At the beginning of September, sellers asked buyers to pay between $ 360 and $ 280 a share, according to investors familiar with the transactions. In June, the title was selling for between $ 305 and $ 235, and the last exchange, at $ 267, took place in August, said one person informed of sales.

But Tuesday, a seller claiming just $ 261, or $ 170 million, put on the market a single block of 595,000 shares, price that bidders were wary of hitting, according to another investor aware of it. offer.

Juul refused to comment.

The price of the slippage follows a series of regulatory pressures that began with the Food and Drug Administration's Monday note that Juul had criticized Juul for selling his nicotine products as a safe alternative to smoking.
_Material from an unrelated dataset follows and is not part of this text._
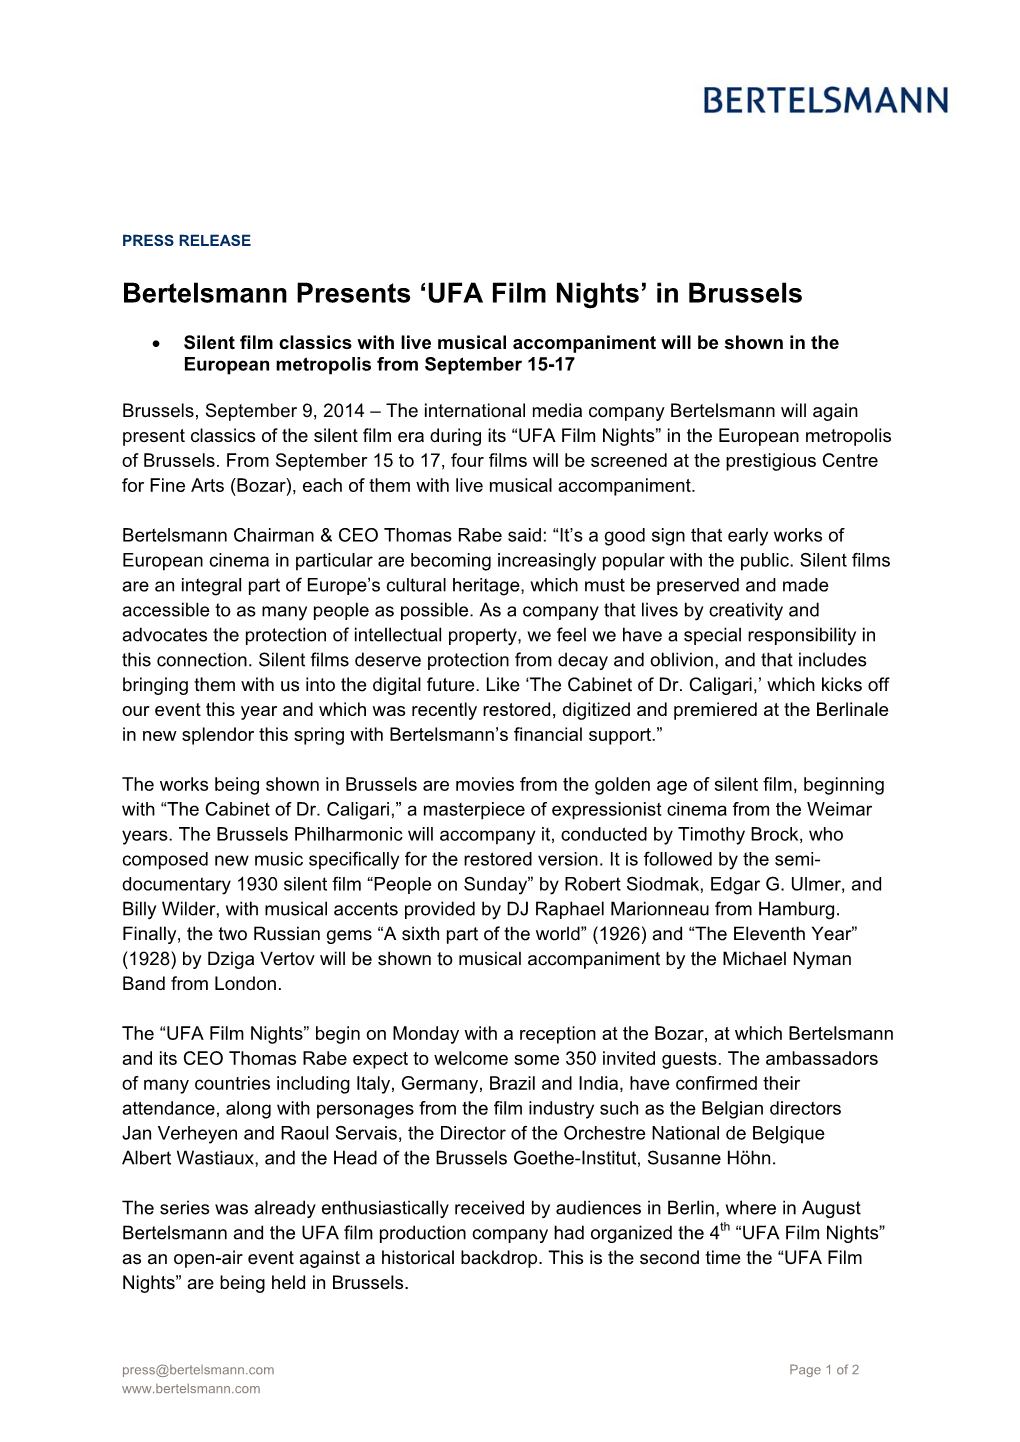 Bertelsmann Presents 'UFA Film Nights' in Brussels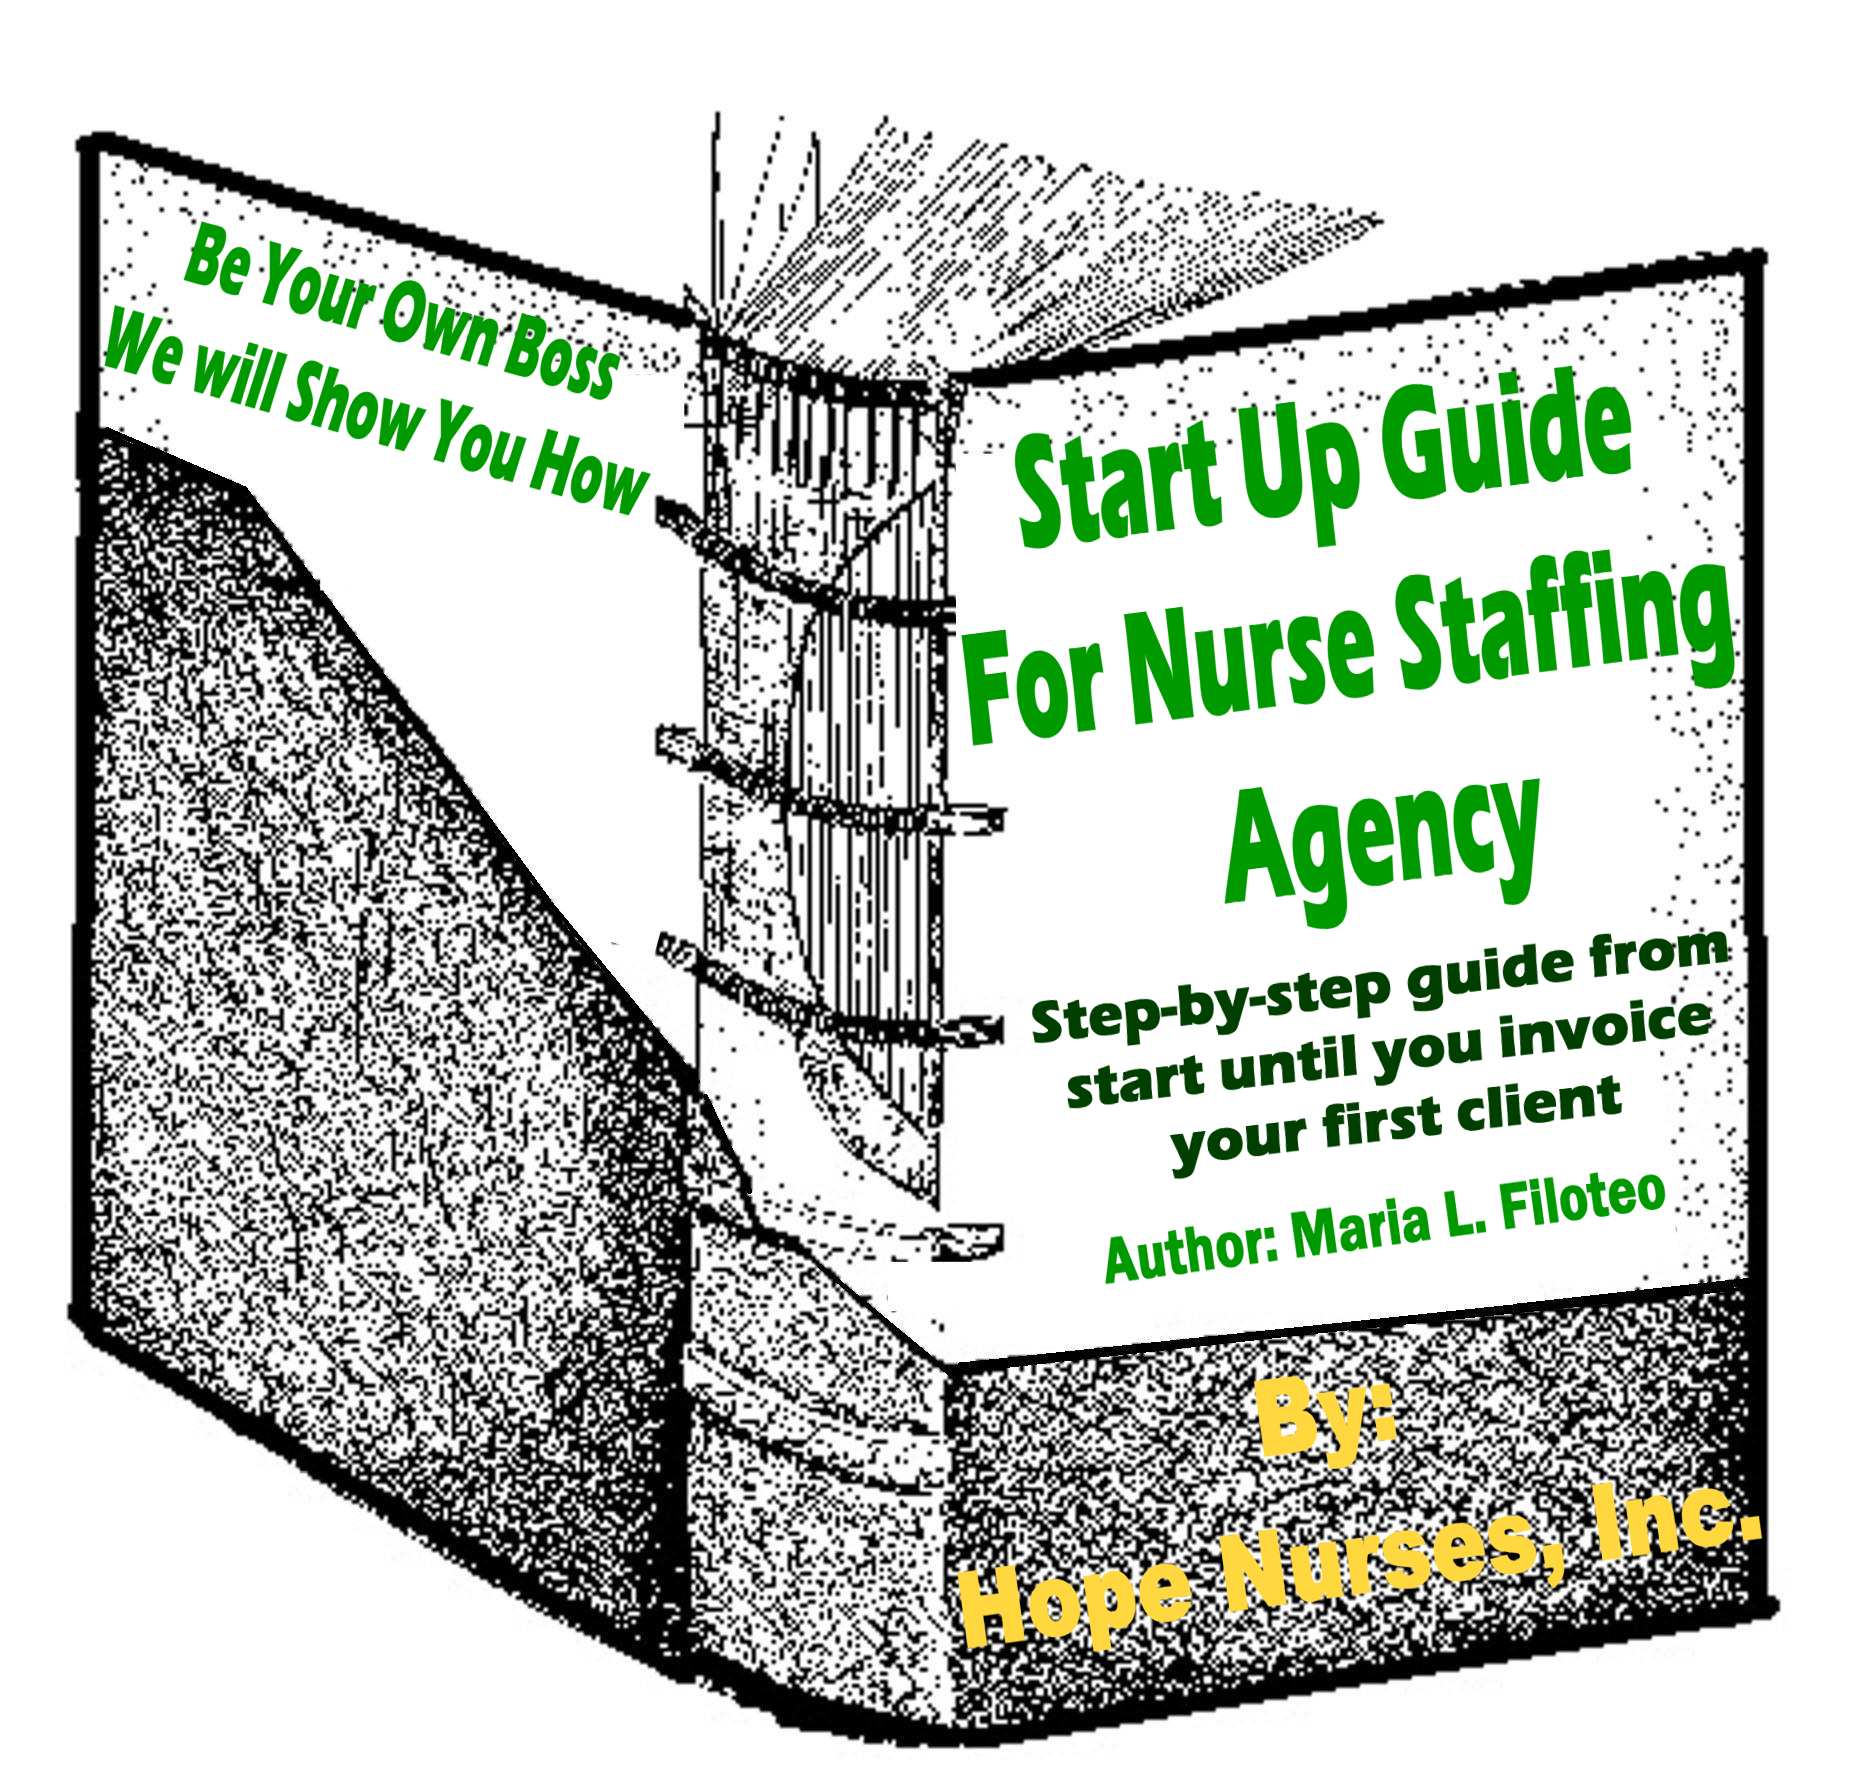 Volume - Nurse Staffing Agency

Two days later, the Centers for Disease Control warned people to stay away from electronic cigarettes, claiming that they were investigating hundreds of diseases related to vaporization. Six deaths have also been reported in six states, including New York.

A few hours later, HHS secretary Alex Azar dropped the big bomb when he announced his intention to ban flavored pods during an appearance in front of an oval office alongside the President and First Lady Melania Trump.

It is unlikely that Altria is the only investor burned by regulatory threats. In August, Juul raised $ 785 million in an investment round led by Poseidon Holdings, a venture capital fund focused on tobacco and weeds, in an investment that valued the company at a higher undisclosed amount. to December, according to data from the research company Pitchbook.

And as The Post reported in May, Capital Reinsurance, a unit of Capital hedge fund group, bought Juul shares in the secondary market for more than $ 300 a share. The seller of these shares was Fidelity Investments, one of Juul's first investors, sources told The Post.